An attachment of the rotary abrasive material 10 to the rotating tool G is done by inserting the rotating shaft S of the rotating tool G through an inserting hole 25k provided at the center of the rotary abrasive material 10 (in the present embodiment, at the center of a connection member 25) and screwing a lock nut N into the rotating shaft S.

An external appearance of the rotary abrasive material 10 of the present embodiment is what FIGS. 2 and FIGS. 3 show, which is provided by combining two types of members 1 and 2 in the axial direction (direction of the rotation shaft S) into one unit, as shown in FIG. 4. Hereinafter, a description will be given while referring to these members as a first member 1 and a second member 2, respectively.

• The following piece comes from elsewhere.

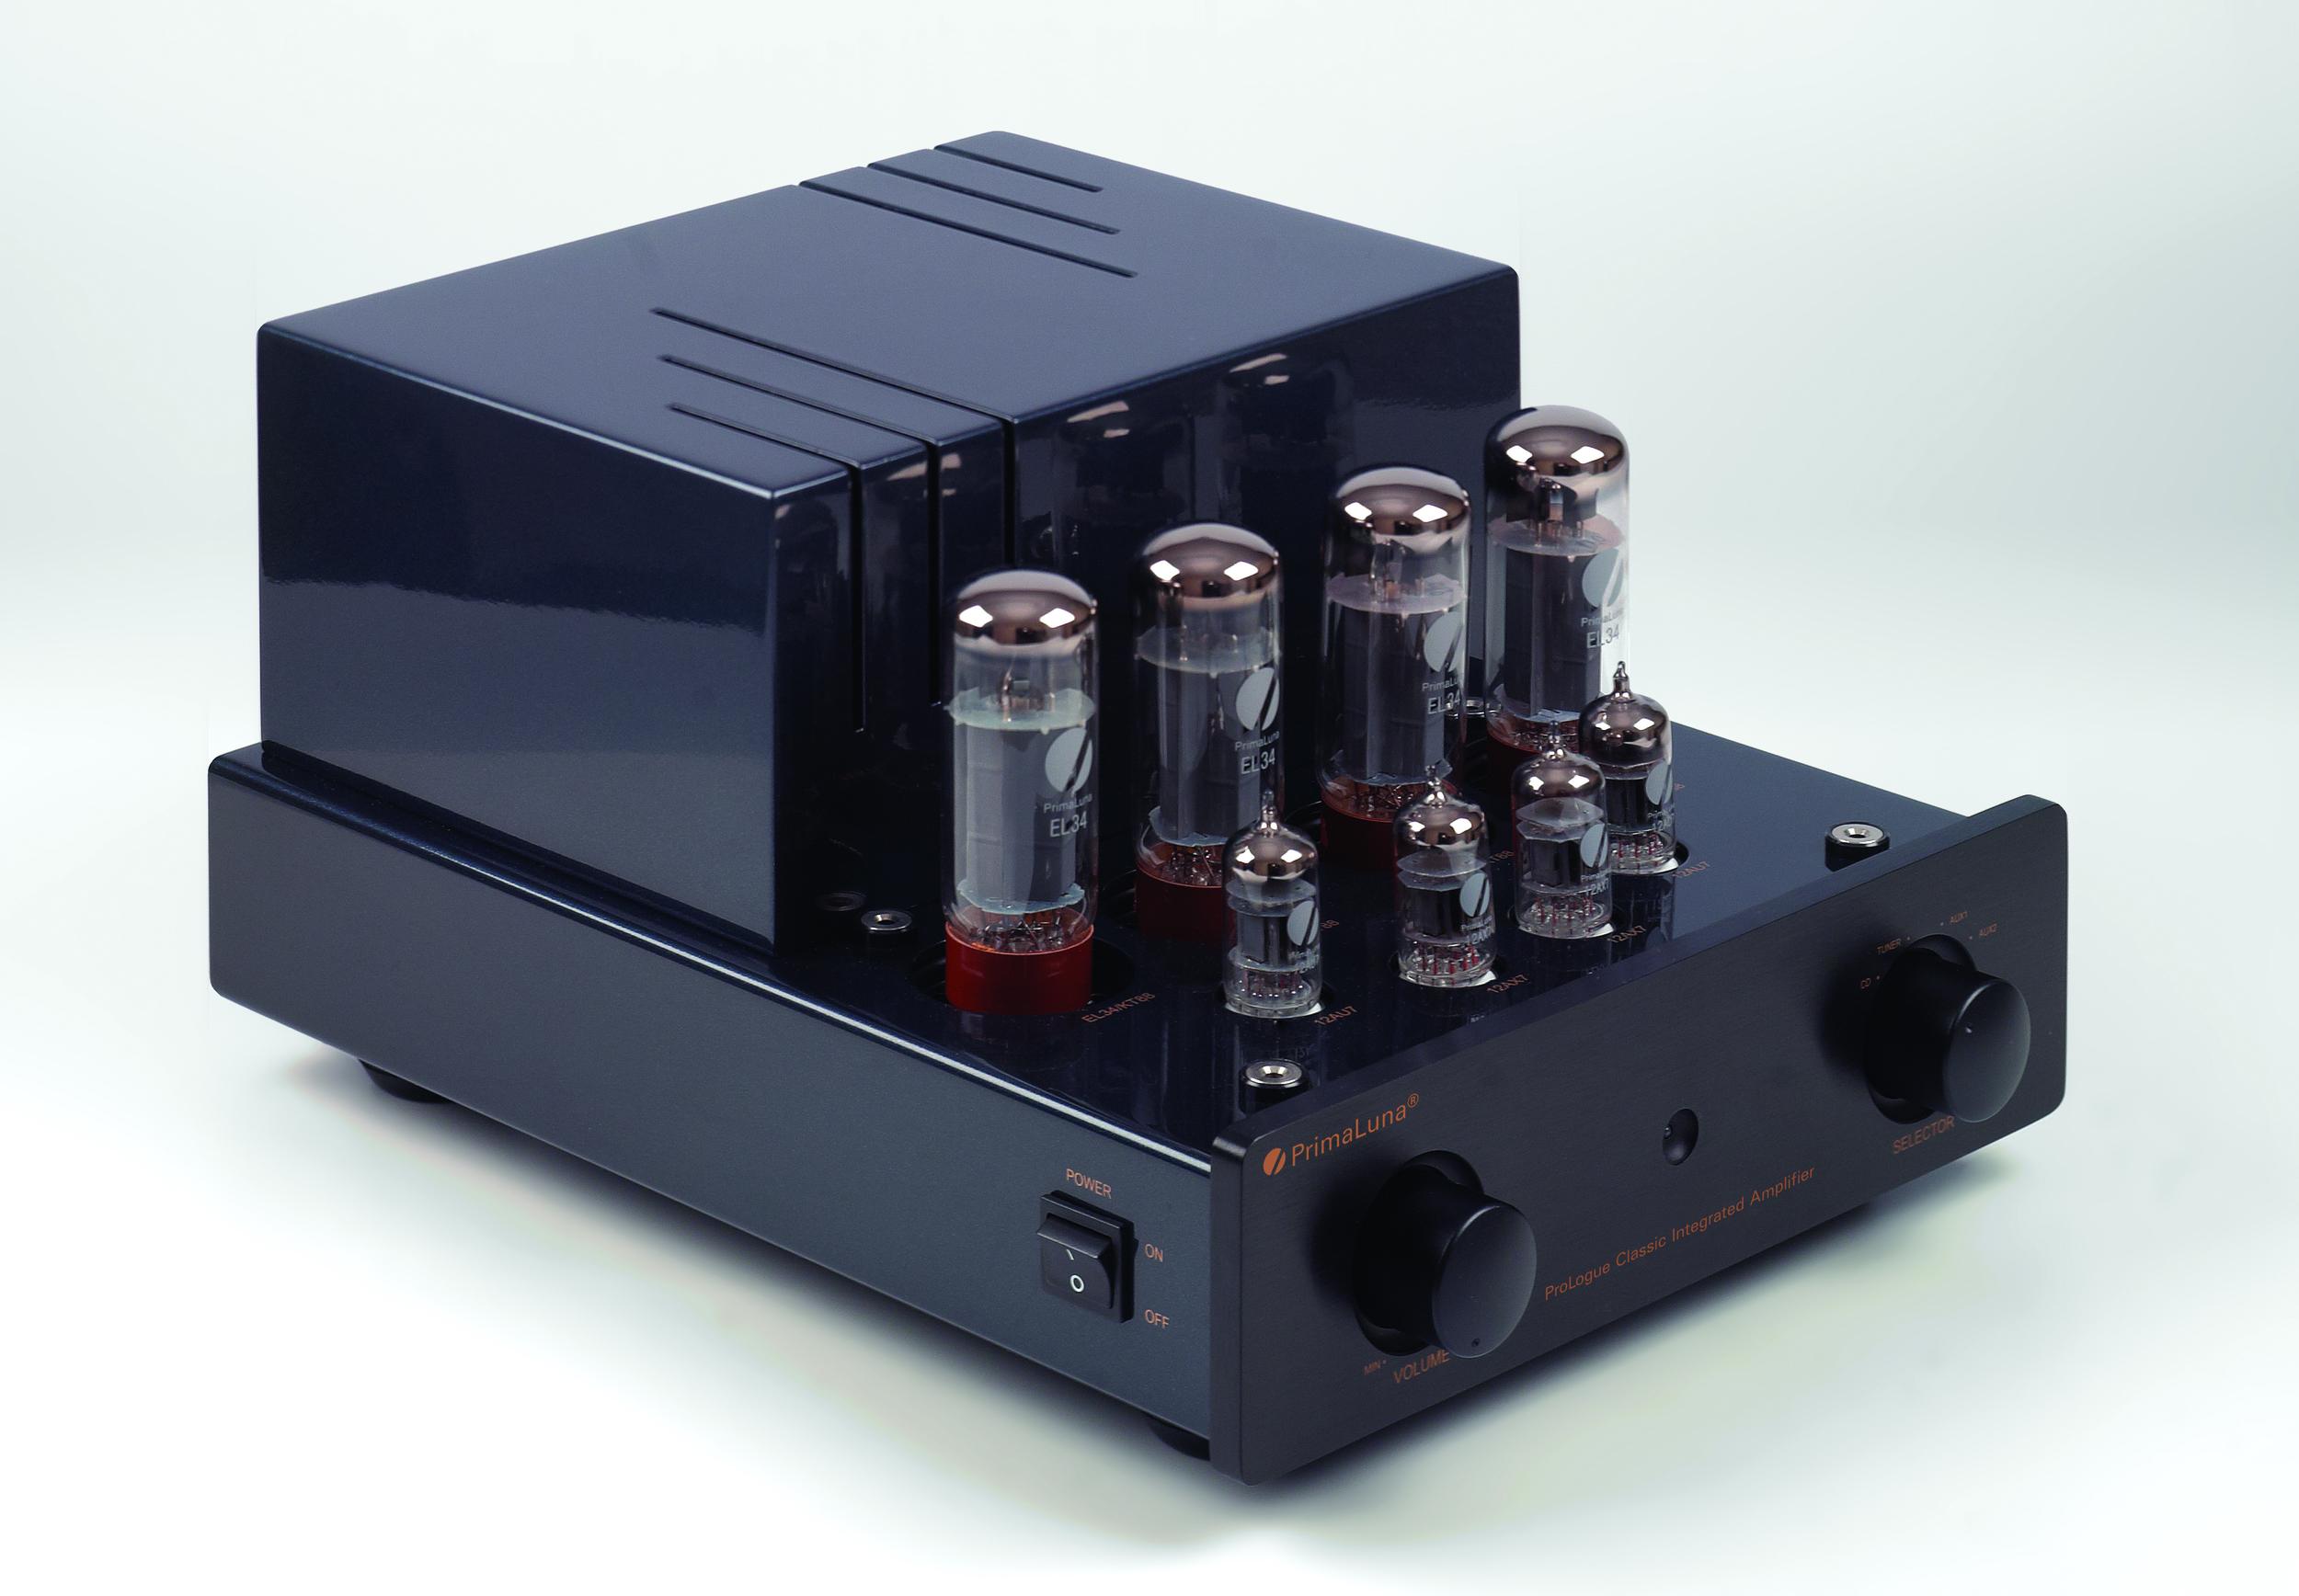 009-PrimaLuna Classic Integrated Amplifier-zwart.jpg

For the first member 1, as shown in FIG. 4 and FIG. 7, a synthetic resin base plate 11 and a projection portion 12 are provided.

The base plate 11 in the present embodiment is annular in appearance. In the central part of this base plate 11, a fitting hole 13 to accept a connection member 25 is provided. Here, the connection member 25 to be attached to this fitting hole 13 is attached to the rotating shaft S of the rotating tool G to transmit power from the rotating tool G to the first member 1.

The projection portion 12 as an abrasive sheet installation portion is integrally provided with the base plate 11 in a radical outward direction of the base plate 11, and at one-side surface thereof (the front face, the downward direction in FIG. 4,) an abrasive sheet 14 is adhered.

The section between the projection portions 12 is a space, and this space is an air-introducing portion 15, serving as an abrasive sheet inserting space 15 too. Depending on the usage of the first member 1, this space differently functions as an air-introducing portion 15 and as an abrasive sheet inserting space 15, and the designations are selected depending on its effect in the following.

The abrasive sheet 14 attached to the projection portion 12 is, same as sandpaper, a sheet made of paper, fabric or the like whose one-side face has been coated with abrasive grains such as diamond grains.

In the present embodiment, the abrasive sheet 14 cut in a rectangular form is arranged on the projection portion 12 partially overlapped in the circumferential direction with the side coated with abrasive grains coming front, and fixed by glue or the like. Since the abrasive sheets 14 are arranged on the front face of the projection portion 12 in such a manner as in the above, the abrasive sheets 14 are inclined in a down-rearward direction of the illustration against a rotating direction R of the first member 1, as shown in FIG. 8(A).

The projection portion 12 is formed with an angle against the base plate 11 in a side view. Concretely, as shown in FIG. 8(A), the projection portion 12 is formed so as to incline, following the rotating direction R of the first member 1, upward in the illustration. Since an end face 12a of the front end side and an end face 12b of the rear end side concerning the rotating direction R have been chamfered, in addition to an inclined arrangement of the abrasive sheet 14, the air-introducing portion 15 is a smoothly inclined space without a projection against the rotating direction R.

As a result of such a configuration of the air-introducing portion 15, when the first member 1 is attached as a single unit to the rotary tool G for use, with a rotation of the first member 1, the projection portion 12 guides air existing in the air-introducing portion 15 in a direction from the back side to the front side of the first member (a downward direction in FIG. 8(A)). And an airflow F thus guided passes through the air-introducing portion 15. Therefore, while the first member 1 rotates, this airflow F is always generated and forces away of frictional heat generated between an object to be ground and the abrasive sheets 14, whereby side effects in the conventional art such as degradation of the abrasive sheet 14 and deterioration of the object caused by the frictional heat can be prevented. Additionally, swarf caused by grinding can be removed by this airflow F too.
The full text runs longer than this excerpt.